After testing a few drivers, the one that worked best is the AX1201728SG.

And for motors it turns out there are dual shaft stepper motors, the following look pretty promising:
- X40 8798 Stepper Motor ($6.8) - datasheet
- Sonceboz 6407 (27€)
- vid28-05 Stepper Motor
- BKA30D-R5 ($3.8) with a stop, but it turns out the manufacturer already realized that people would like to use them without a stop, so they started manufacturing them without a stop!!

Last but not least is to use a real clock and modify the circuit, the motor is Lavet-type stepping motor and someone made a crazy clock with it, I love it!

All in all, I think Cornelius Franz did a some amazing work, it seems like he's on a good path to have a working replica!


I've also found out that Wojtek Kosak Główczewski actually completed a replica, you might want to look at his schematic and his project:


Eventually I wanted to build my own, so I went with the parts I could source from Aliexpress as it was available and didn't cost $50 to ship unlike packages from DigiKey or Mouser.

I got a recommendation to check the VID28-05, however it was harder to find, it seems like they are either no longer manufactured or perhaps I didn't look very hard after finding the replica BKA30D-R5, it's also a plus that the manufacturer is on Aliexpress, its a drop in replacement anyway.

The original BKA30D-R5 had a hard stop, which should be removed if you want to rotate it 360 degrees

However, the manufacturer took it upon themselves to supply motors without stops!

The vid28 series comes with a thorough datasheet, explaining how to drive the motors, the pinout, measurements and a lot more, if you're planning to use these motors, its definitely worth to read!

I've made a small breadboard with the motor, an arduino and DRV8825 and it kinda worked, I had to jack up the voltage to 12v (outside the specs) so it won't miss any steps and I've even tried the A4988, but it produced a high pitched noise.

So Allan attempted the same thing using shift register (74HC595), from a video he sent me, I saw it was missing some steps and made a-lot of noise, I suspect its due to the lack of micro-stepping.

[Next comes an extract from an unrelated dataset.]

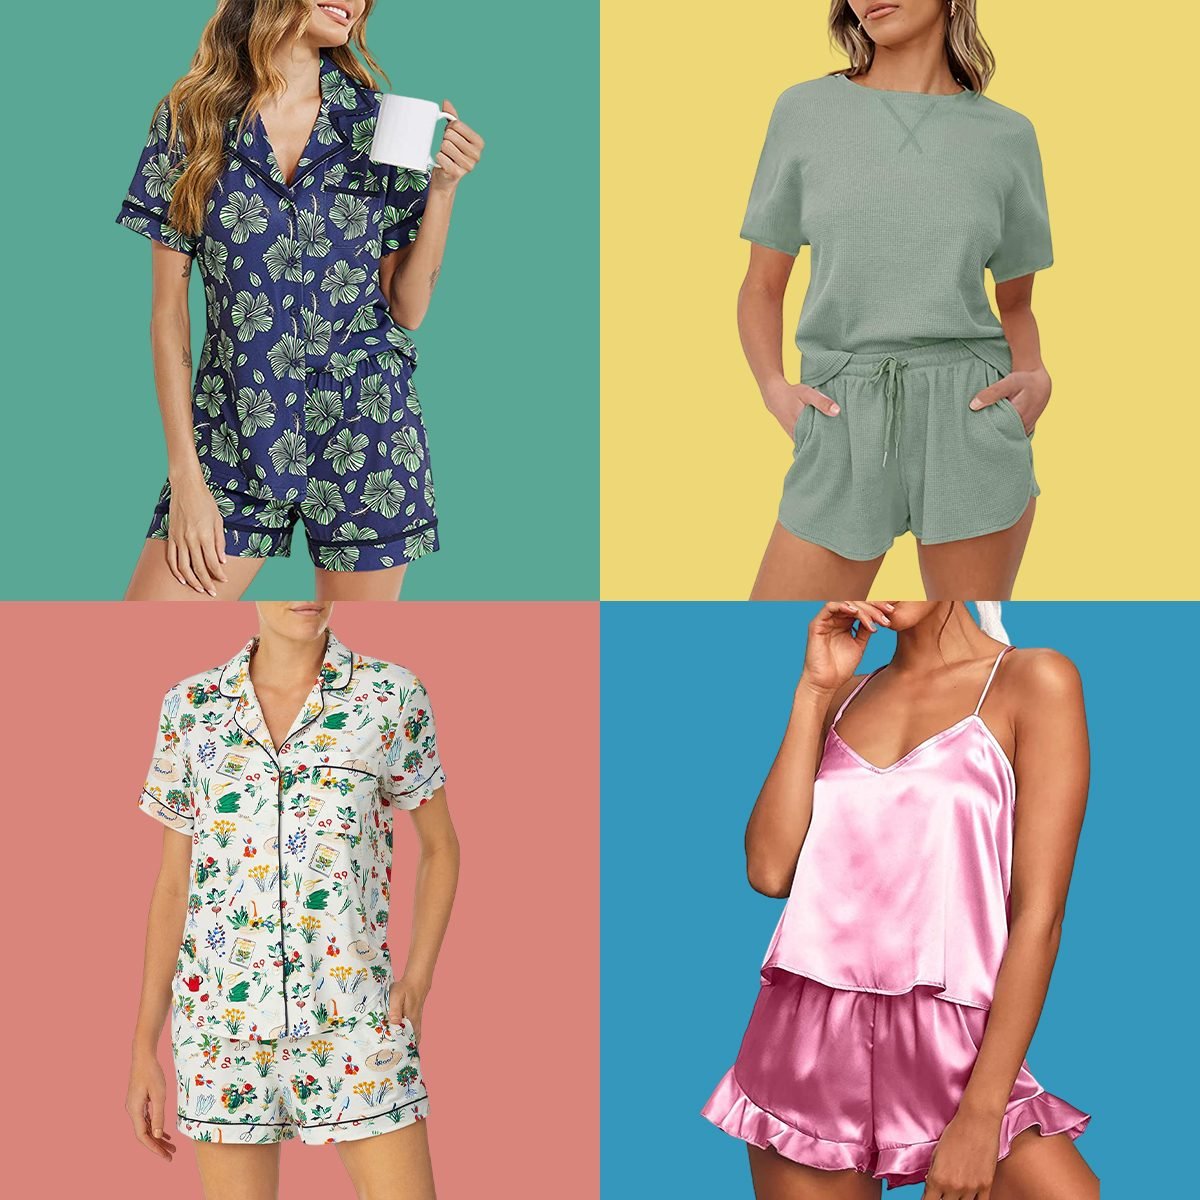 11 Pajama Short Sets To Keep You Cool And Comfortable All Night Long

To zero the hands, I chose a hall effect sensor + 2mm magnets, I've attempted to use the SS49E but it turned out to be not sensitive enough (1.8mV/G), so I'm now attempting to use the SS495 and while its a bit more sensitive (3.3mV/G), its a lot more expensive, so perhaps using a larger magnet or a a sort of magnetic flux concentrator will be a better solution.

It did work properly on one side, I'm not sure if its the N or P, so I'm thinking about building a 3D magnetic sensor (using MLX90393) to diagnose the problem more precisely.

Alternative methods can be to use a reflective optical sensor or a reed switch, but the magnet needed for the reed is too big and heavy to fit on the hands.

I think the research we did on this project makes it relatively simple to implement hardware wise, you may find software other developers wrote in the end of this article. in my opinion,probably the easiest build will be a combination of the original PCB form factor, X12.017 driver, a hall sensor and atmega328p, wire a few assemblies with i2c and to a PC via USB.

I've started to design a more modular PCB, you can shape it into cubes, spheres, towers, what ever your imagination can conjure.

The first revision was a partial success, the motor fits perfectly, the lights work, the homing more or less works.

A few design issues were discovered during the first test, the brownout trips when either the leds turn on or the motor driver resets, and although I covered most of the power requirements by adjusting the trace widths, you can guess what the problem was, decoupling capacitors for example and a main capacitor.

I've also used relatively heavy acrylic hands with magnets on them, so the motors missed steps here and there, I've rewrote AccelStepper to use interrupts and s-curve instead of linear acceleration, which was a lot of fun and should probably affect the overall life of the motors but no noticeable difference except for top speed.

I've also added the famous WS2812B addressable Leds to see what else can this board do.

Eventually I've decided to learn KiCad and the redesign was done from the ground up while learning, at first, I've hated it, but now I'm really enjoying myself designing PCBs!

I'm not sure where this little project is going, but my key take away are the interesting research, the world of stepper motors is not a complete stranger, but this is not NEMA, magnetism and of-curse KiCad!

Humans since 1982 are Bastian Bischoff (b. 1982, Germany) and Per Emanuelsson (b. 1982, Sweden). Since meeting as postgraduate students at HDK Göteborg in 2008, the duo have produced works that defy easy categorisation, situated between visual art and product design. Creating objects and experiential installations, their work manages to be analytical with a healthy dose of escapism.
Facebook: https://www.facebook.com/HumansSince1982/

If you want to buy one and not interested in the engineering part, just head to MoMA Design and you can also get a black one!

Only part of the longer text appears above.